**Activity**
Every line of the data below is to be given again as it appears, with the images removed.

[Opening Information shown section]

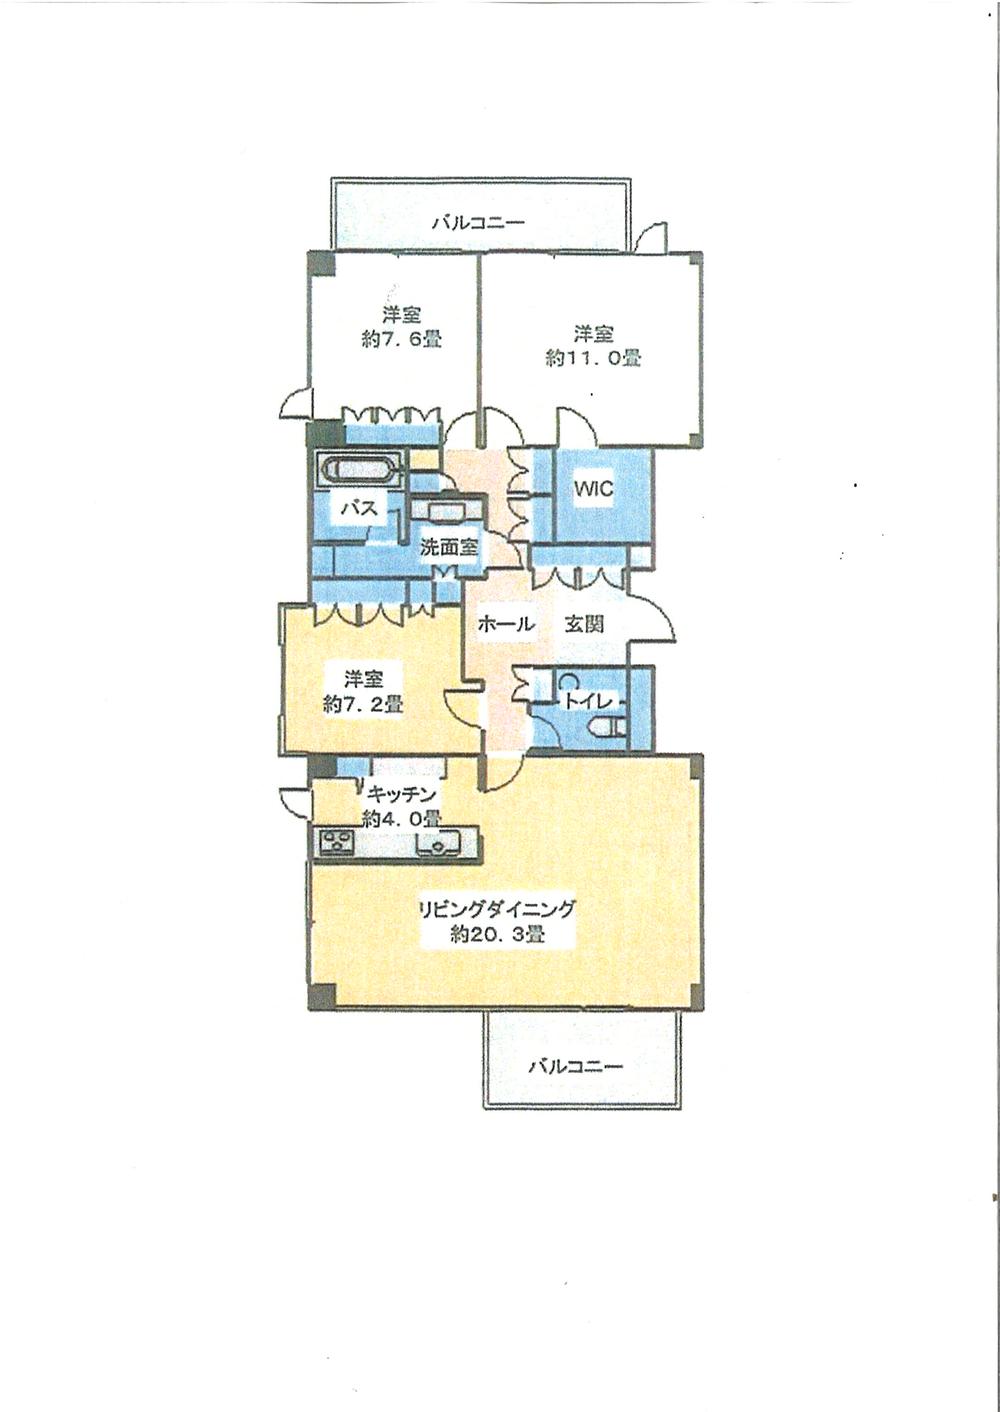 Floor plan. 3LDK, Price 84,200,000 yen, Footprint 118.12 sq m , Balcony area 15.24 sq m floor plan
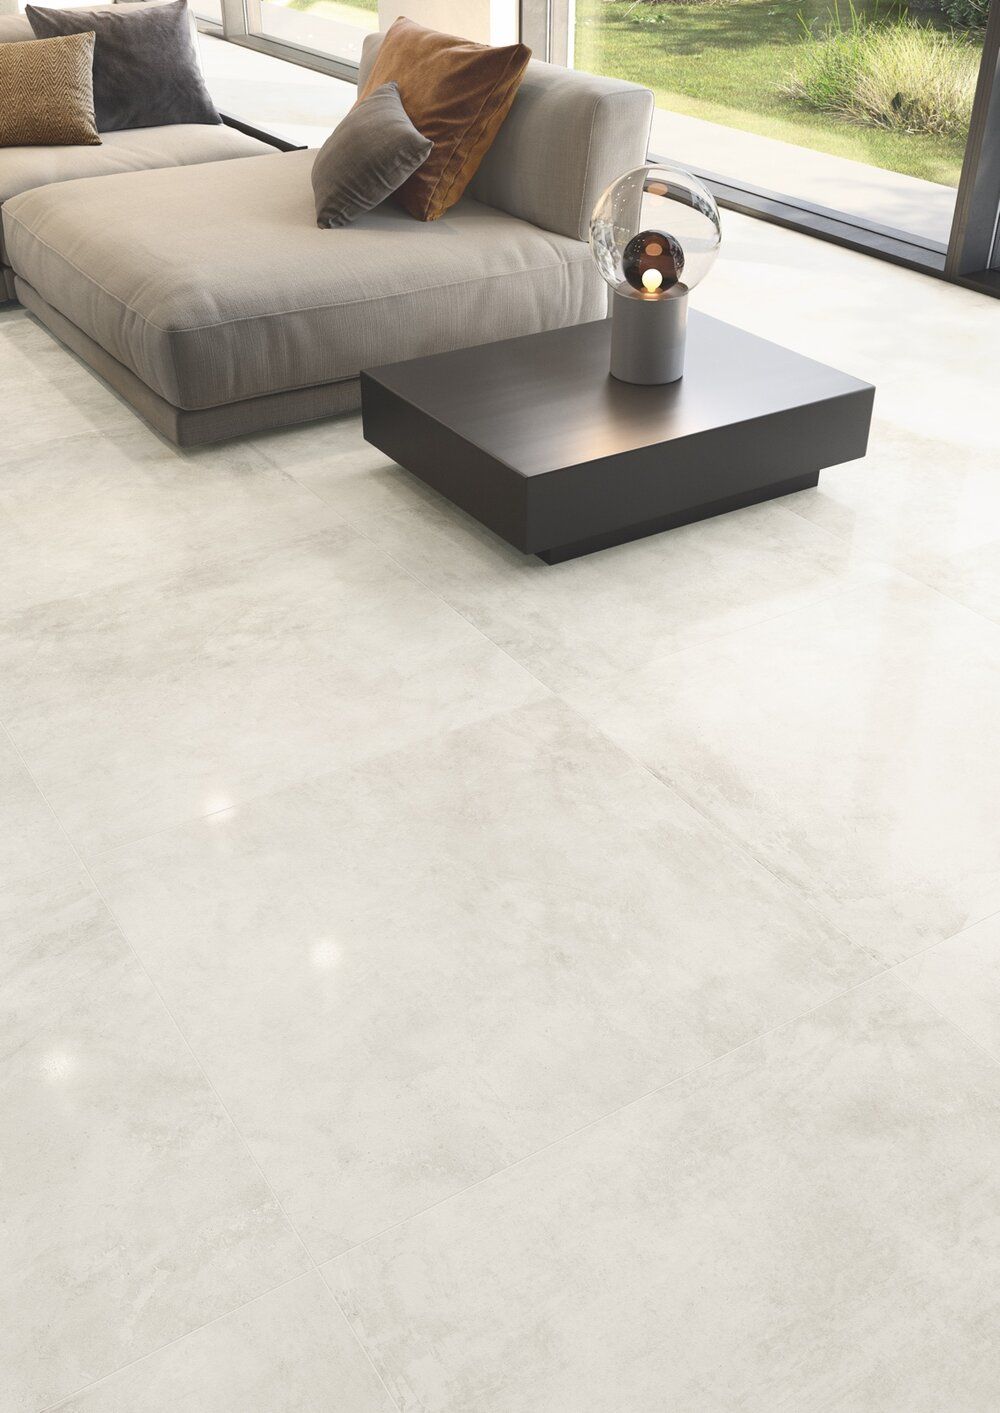 Trendy Floor Tile Designs for Modern
Homes

[Closing Information shown section]

**Problem solution**
 Floor plan. 3LDK, Price 84,200,000 yen, Footprint 118.12 sq m , Balcony area 15.24 sq m floor plan
 Trendy Floor Tile Designs for Modern
Homes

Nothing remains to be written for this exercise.